Ela abre um espumante barato e brinda sozinha à volta da solidão. Não aquela que dói e fere, mas a solitude escolhida, que lhe abre um espaço macio para ser. Ao primeiro gole, percebe: o espumante é demi sec. Um equívoco para ilustrar a vida. O gole doce na taça rasa antiga de cristal azul que foi da mãe.
Repetições?
Tudo o que ela quer é voltar a tomar posse de si. Ser dona dos seus desejos de novo. Quais eram eles? – não se lembra.
Não é ruptura, é reencontro.
Desde que se tornou mãe. Desde que tomou posse da dor. Desde que se pôs na estrada. Desde quando?
Onde ela caminha nessa pista?
Há espaço para ultrapassar?
Para onde vai?
Larga o carro e segue a pé para não levar mais peso consigo?
Em alguns momentos ela só quer aumentar o volume do som e cantar bem alto, com o vento nos cabelos. Em outros, quer ter o privilégio de não guiar o carro, com a certeza de ainda assim estar indo.
Ela se entrega demais, se entrega muito, inteira, não sobra nada para si. Nem sabe mais como é a sua voz. Ela sai de si ao encontro do outro e deixa sua cama e sua casa vazias, sem o calor da sua presença. E depois cobra do outro o que lhe falta. Mas foi ela mesma que se tomou de si.
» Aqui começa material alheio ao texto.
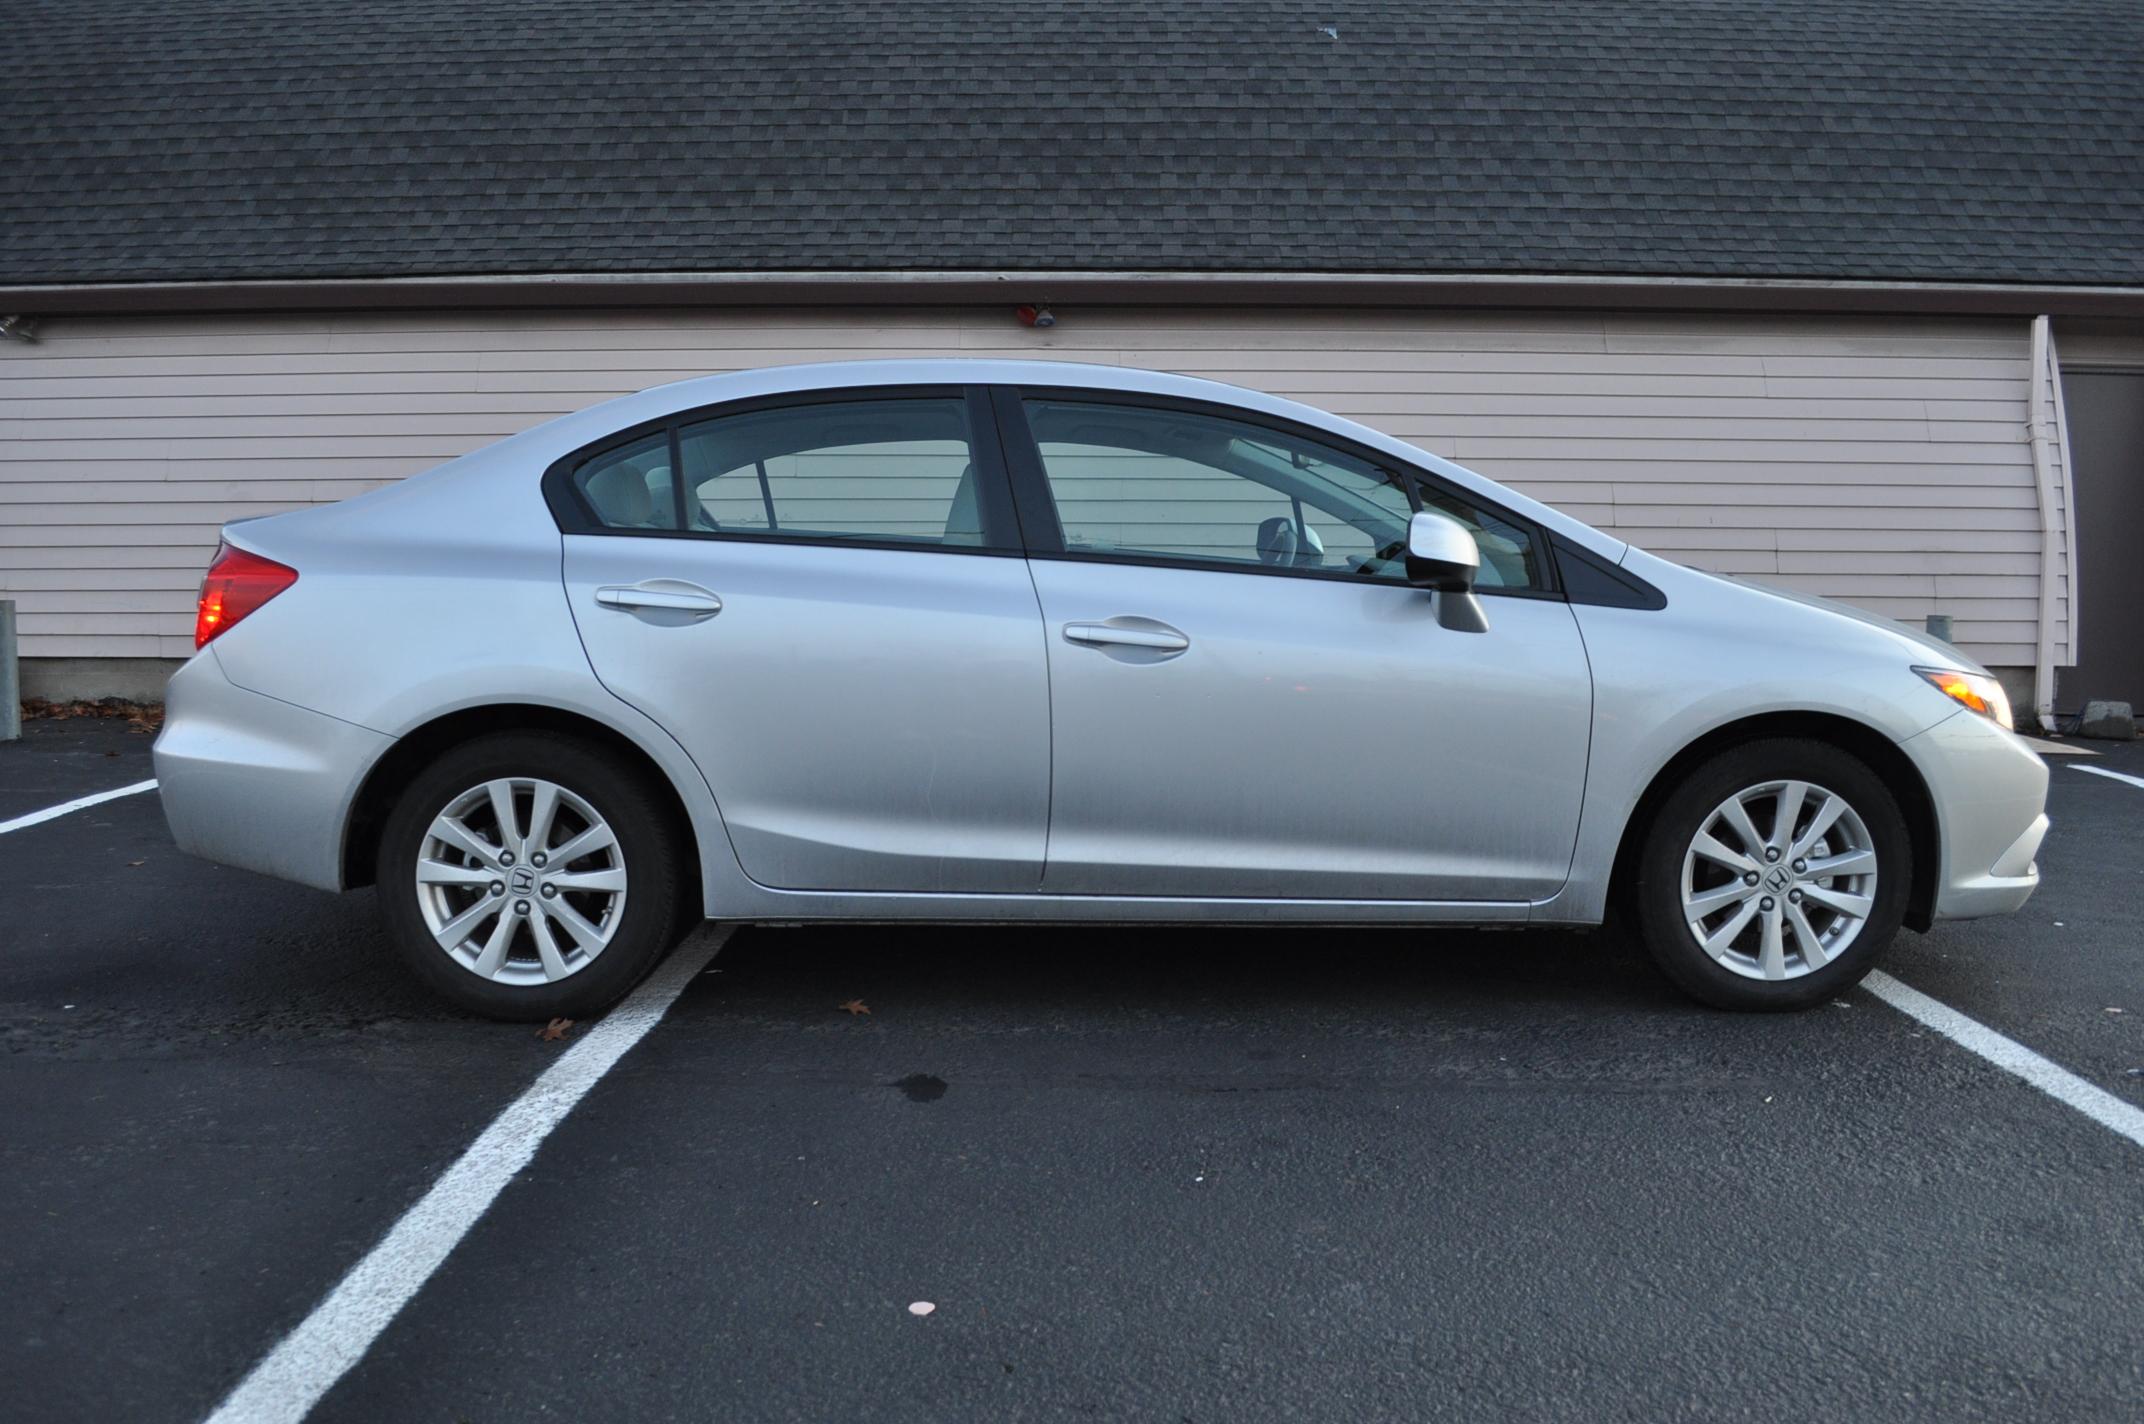 2012 Honda Civic Vs 2012 Toyota Corolla Compact Comparo

E então ela dança sozinha pela sala e sente o corpo como há muito tempo, com saudade de quem foi.
Para depois dar mais uma gole da bebida doce e amargar o gosto da escolha.
Exagerou na dose e a ressaca é toda sua.
Sábado, 18 de Maio de 2013
Sexta-feira, 8 de Março de 2013
Dia da Mulher
Não me dê flores só no dia 8 de março. Escolha qualquer um dentre os outros 364 dias do ano e repita a delicadeza mais vezes - de preferência, sempre em datas inesperadas. Me deixe falar de amor. Ou me cale a boca com um beijo. Não sou igual a você. Nem melhor, nem pior. Sirva a minha taça de vinho e façamos um brinde à diferença. Vamos juntos fazer o jantar: você coloca a mesa, eu como. E na hora de dormir, quando o cansaço invadir o seu corpo, abra um espaço nele pra mim. Me acolha e me aqueça de carinho, porque é no seu colo que eu quero morar.
Amém.
Quarta-feira, 2 de Janeiro de 2013
Obras
Casamento é uma reforma que nunca se conclui. É preciso aprender a fazer festa a cada cômodo erguido, tomando cerveja no cimento e comendo um churrasco feito nos tijolos da construção.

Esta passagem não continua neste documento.